Royal baby to be a monarch, even if it's a girl
(CBS News) LONDON - Perhaps you've heard: Kate Middleton and Prince William are expecting their first child.
While Buckingham Palace has only said the due date is sometime in July, as the month wears on everyone's royal expectations are peaking.
Kate's last public appearance - exactly one month ago - was sending a Champagne bottle to collide with a ship's hull before she disappeared from view to wait for her baby.
Outside St. Mary's Hospital in London this weekend, the media are waiting too.
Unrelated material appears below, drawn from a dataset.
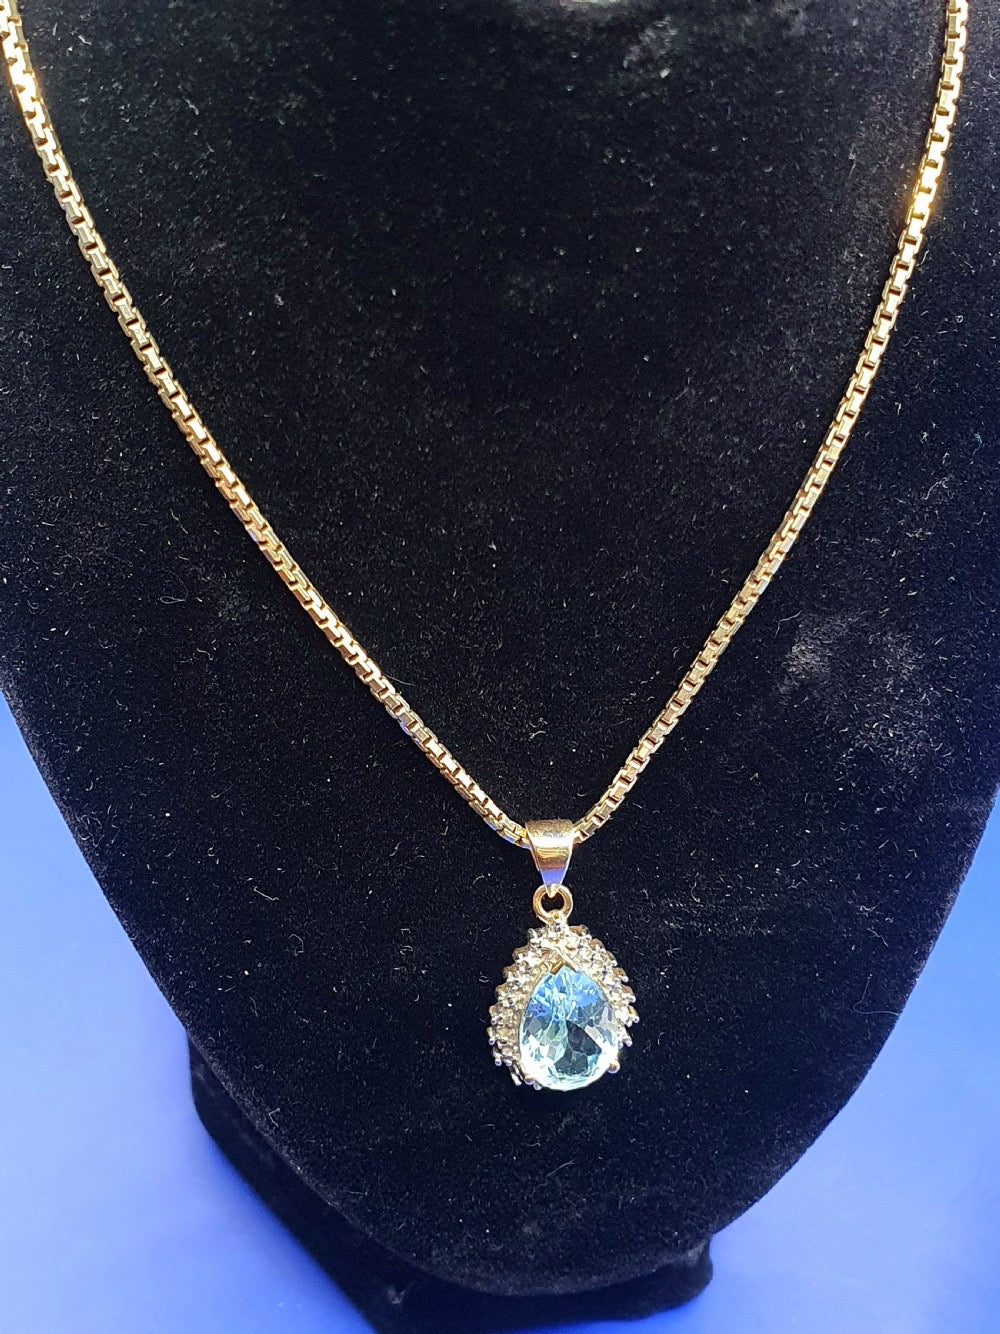 Pear Cut Blue Topaz With Diamond Halo on 9ct Gold Pendant

The birth of this baby will be big news.
It's already big business for the bookies who dropped by - in costume - to show the betting odds on the baby's name.
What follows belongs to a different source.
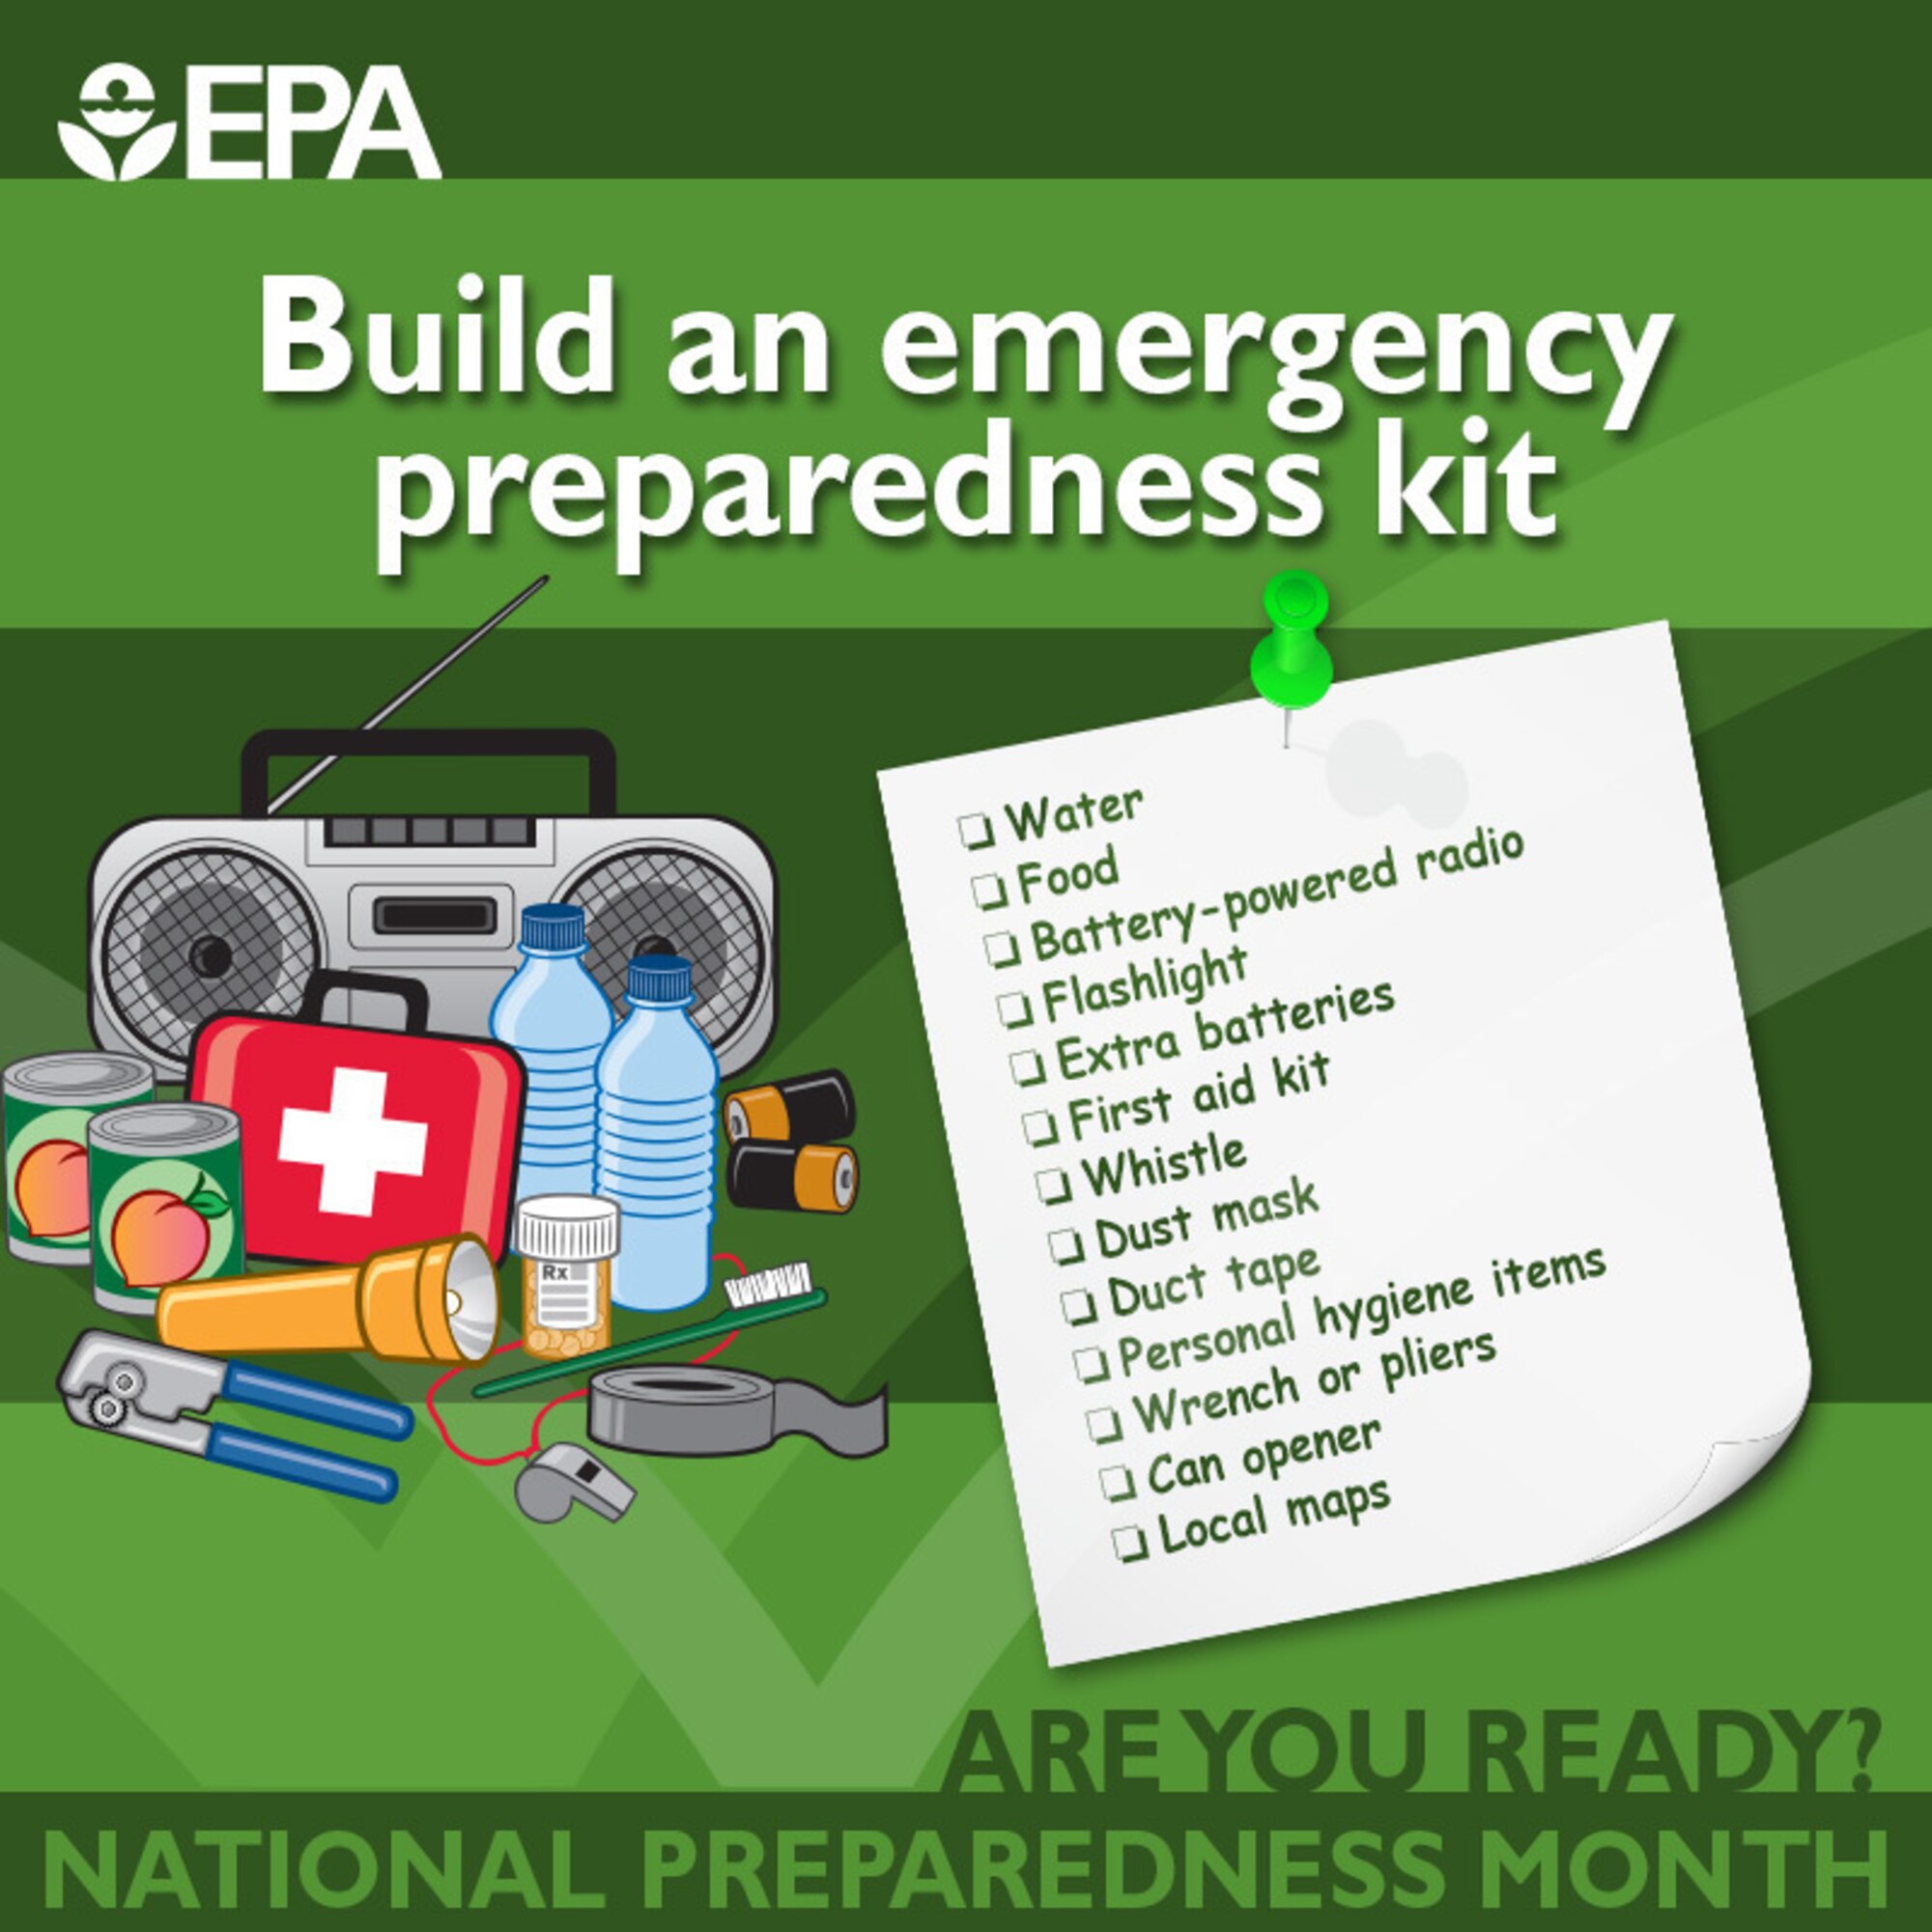 This is an infographic for emergency preparedness month on items to include in an emergency kit.

No surprise: Pocahontas and Hashtag are the longshots.
As for the baby's gender, when Queen Elizabeth was crowned, she was a relative rarity.
Over the centuries, England has had 58 kings and only eight queens. That's because boys were always first in line.
But no longer. The law has just been changed to give girls equal rights to the throne.
"Regardless of being the first-born, girl or boy, this child will be monarch," said CBS royal watcher Roya Nikkhah. "That is hugely historic for this country's royal history."
William is going to be a modern dad. He'll be in the delivery room, he says, and will emerge with his wife and child on the very same step he first appeared on 31 years ago as a newborn.
But before the world sees this new royal baby, a birth announcement will be sent from the hospital 2 miles across London to Buckingham Palace, where it will be posted in the forecourt on an easel.